Yarn weight is important in achieving the correct gauge or tension for a particular project and can help with yarn substitution. The Craft Yarn Council of America has developed a system that seeks to standardize the labeled weights of yarn. Most yarns state their weight on the ball band but some may not, only giving the composition. Some brands use a standardized numbering system that uses seven ranges of relative thickness of yarn. However there are methods for individuals to gauge weight for themselves.

==Wrap method==
A way of determining the weight of an unknown yarn is to use the wrapping method. This method is also used to calculate the amount of yarn needed for a project. By this method it is possible to check an unknown weight of yarn with a regular pencil and ruler without unwinding the yarn. Simply slip the pencil under approximately an inch of the strands and count the number of strands.

Wrap the yarn around a large needle or a ruler. Make sure the yarn lies flat. Push the yarn together so there are no gaps between wraps. Smooth it out so it is neither too loose nor too tight. Measure the number of wraps per inch (2.5 cm). For better accuracy, measure the wraps at the center of your yarn sample.
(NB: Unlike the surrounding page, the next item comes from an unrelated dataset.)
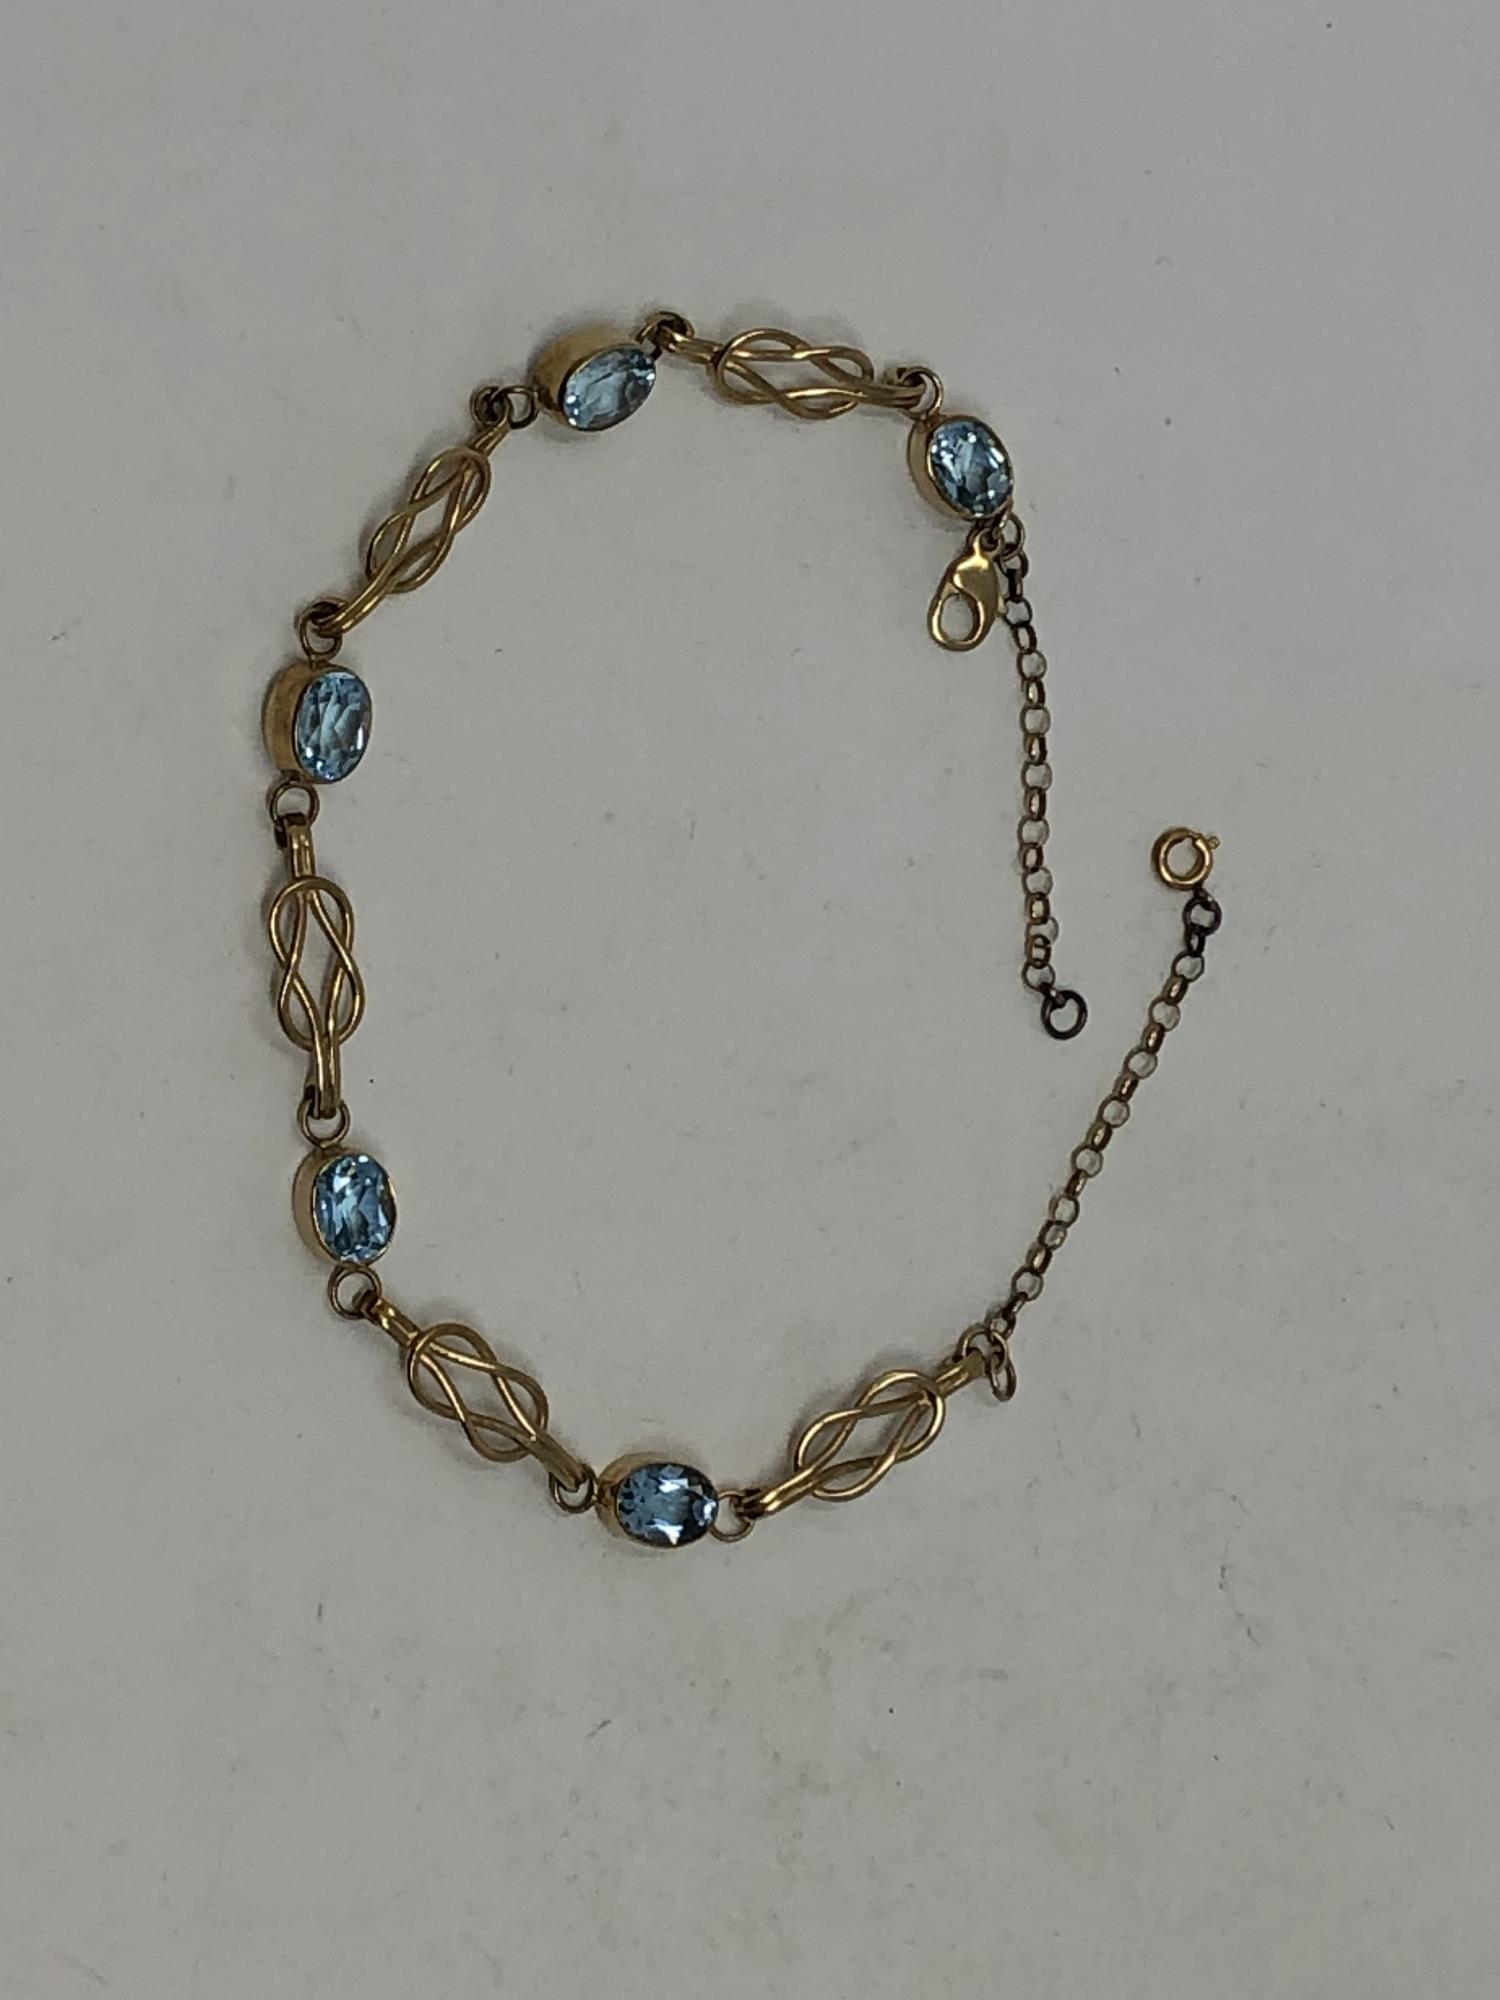 A gold and aquamarine bracelet

The number of wraps will act as a gauge to assess the thickness of unmarked yarn; for example 12 wraps per inch is 12 WPI, and is used to calculate how much yarn is required for various articles, so that 12 is equivalent to 8 ply (worsted weight, medium weight) yarn.

==Swatch methods==
A more hands-on method, there is the test swatch and the gauge swatch. Knitting a test swatch requires knitting the yarn into a small, roughly 4 in (10 cm) square textile of even stitches. Comparing this with recommended needle sizes, yarn, and the knitter's own signature tension, allows for adjustments to all of these things. For example, changing needle size is one way to bring the test swatch nearer to an accurate measurement in yarn weight.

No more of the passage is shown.